> **Task to carry out**
All entries below must be written out verbatim, and the images must be dropped.

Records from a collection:
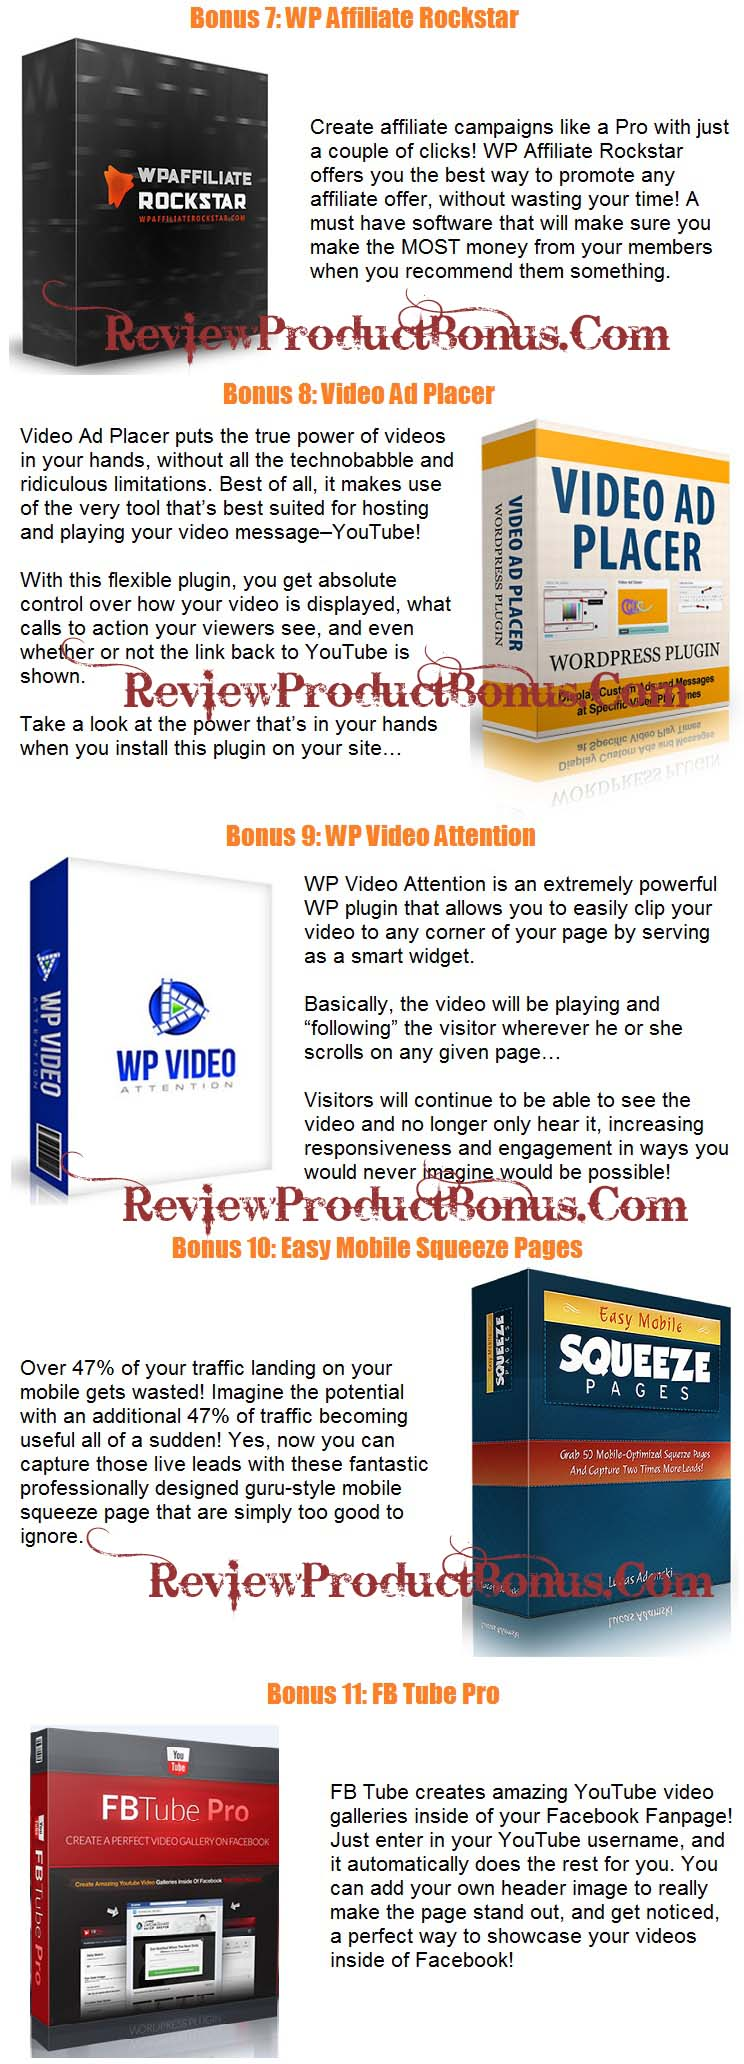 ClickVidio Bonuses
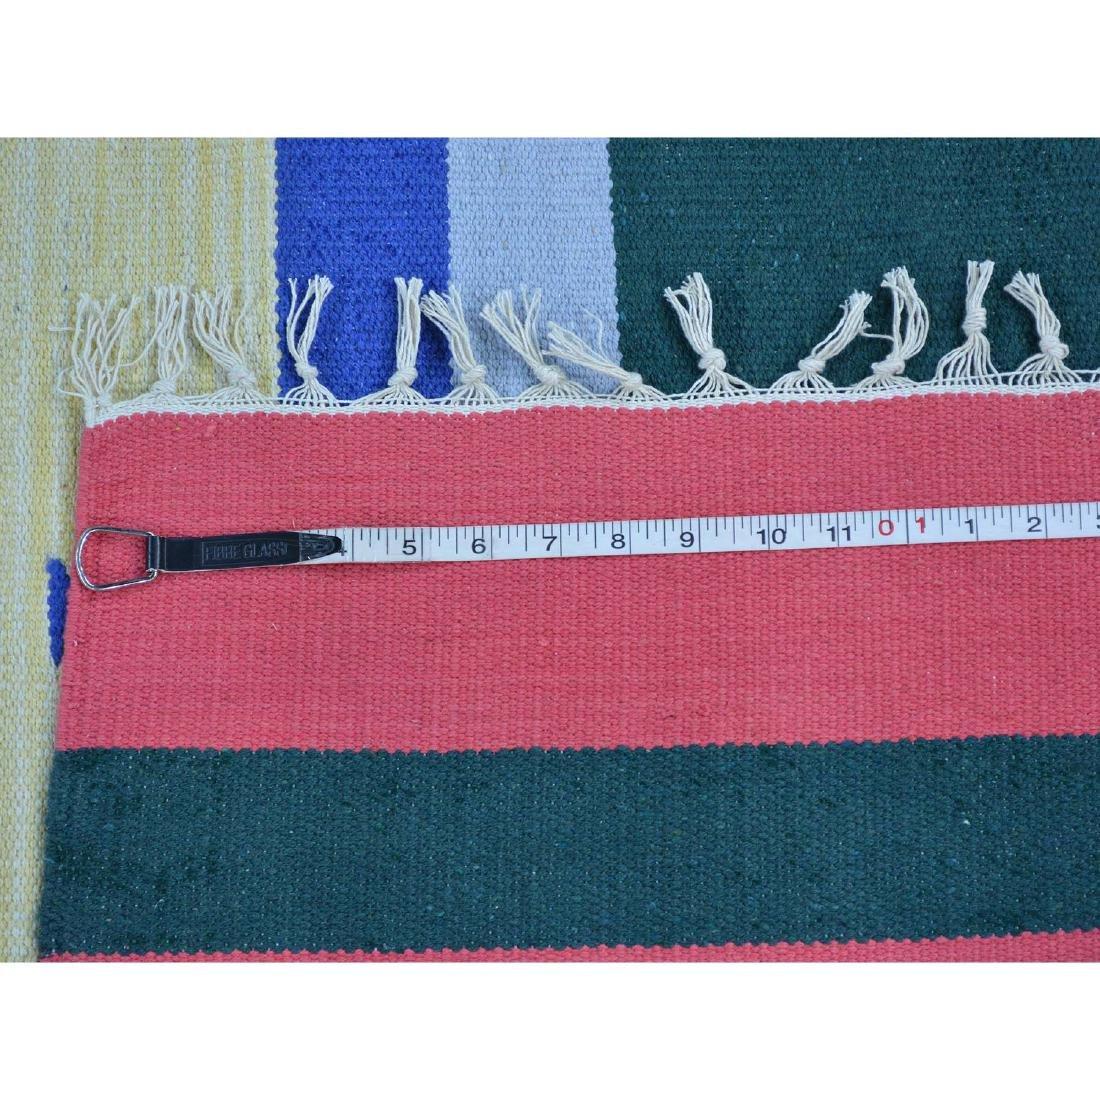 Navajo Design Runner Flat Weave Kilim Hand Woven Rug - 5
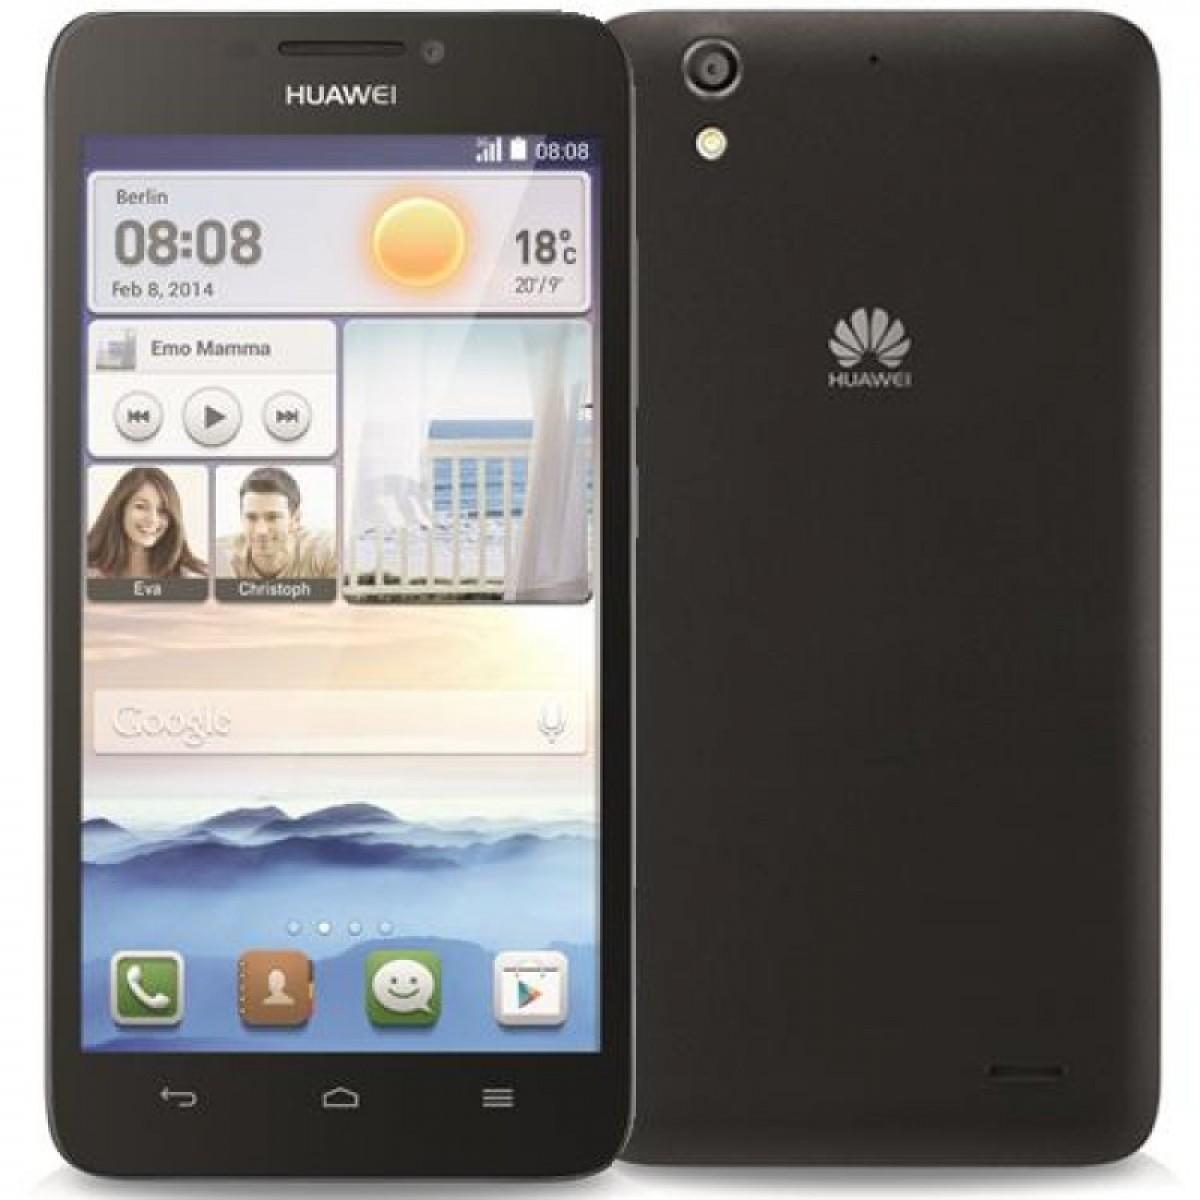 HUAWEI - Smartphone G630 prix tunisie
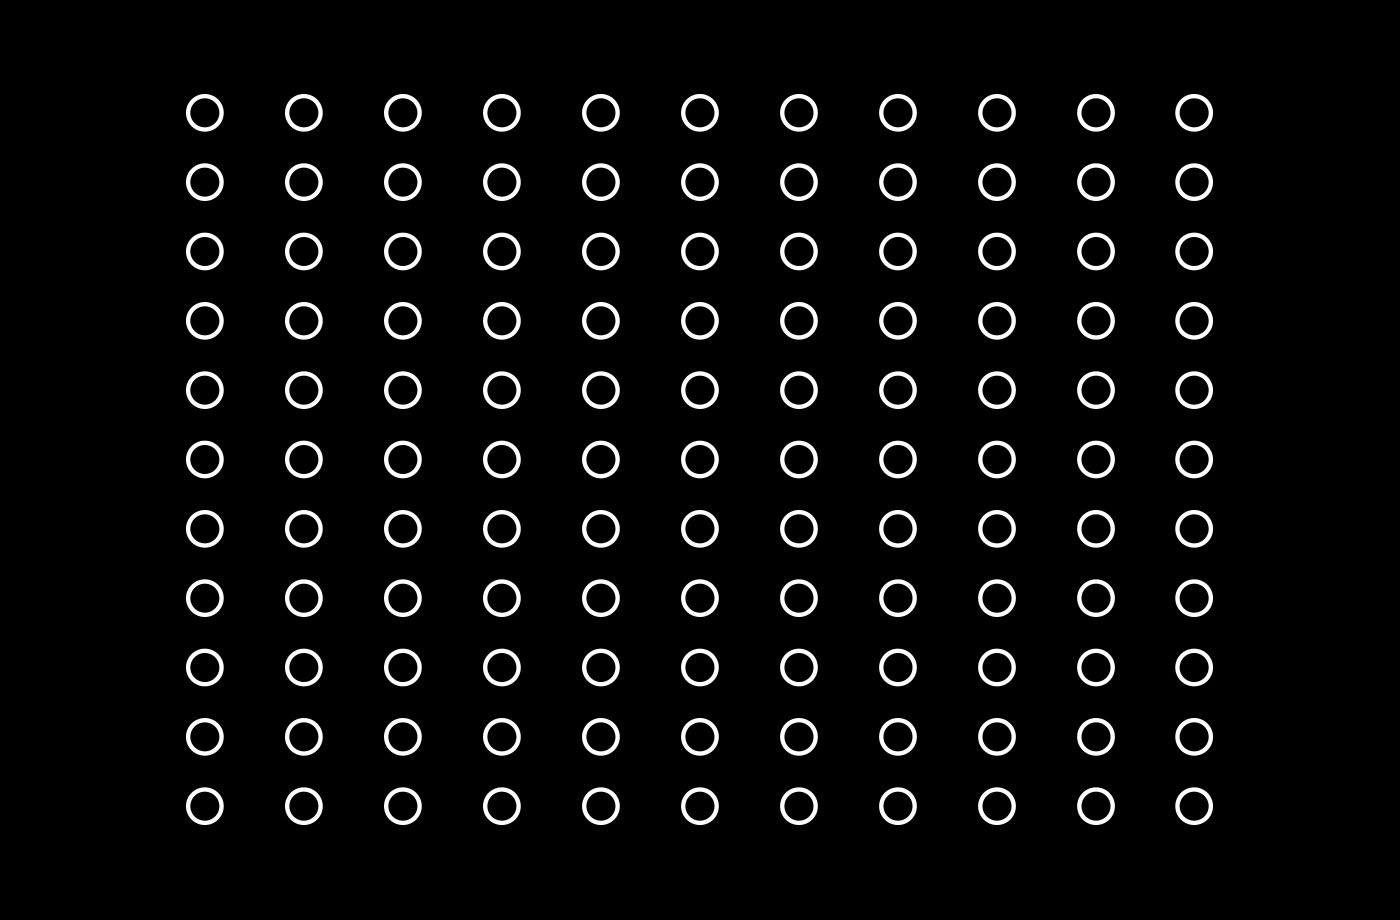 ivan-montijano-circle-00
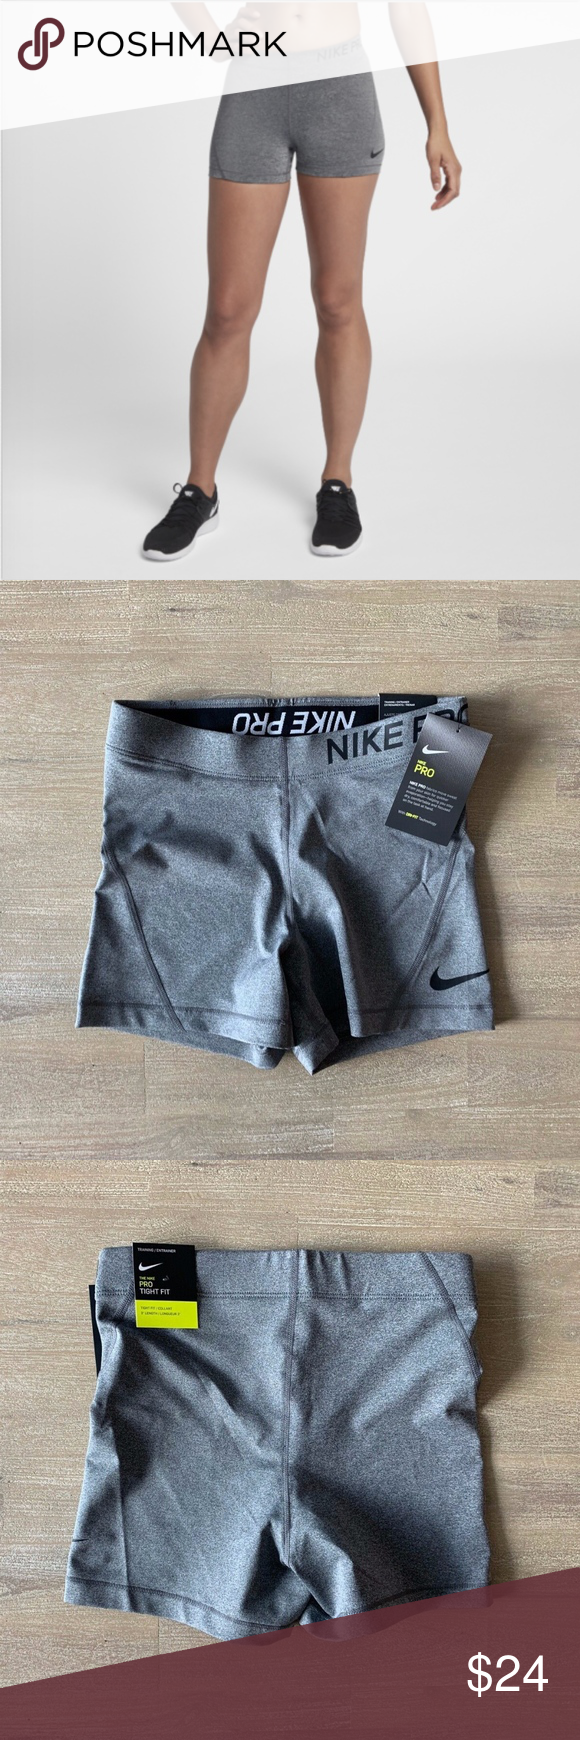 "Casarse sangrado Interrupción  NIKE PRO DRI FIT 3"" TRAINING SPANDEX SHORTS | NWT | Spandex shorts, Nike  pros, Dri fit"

> **Written solution**
 ClickVidio Bonuses
 Navajo Design Runner Flat Weave Kilim Hand Woven Rug - 5
 HUAWEI - Smartphone G630 prix tunisie
 ivan-montijano-circle-00
 "Casarse sangrado Interrupción  NIKE PRO DRI FIT 3"" TRAINING SPANDEX SHORTS | NWT | Spandex shorts, Nike  pros, Dri fit"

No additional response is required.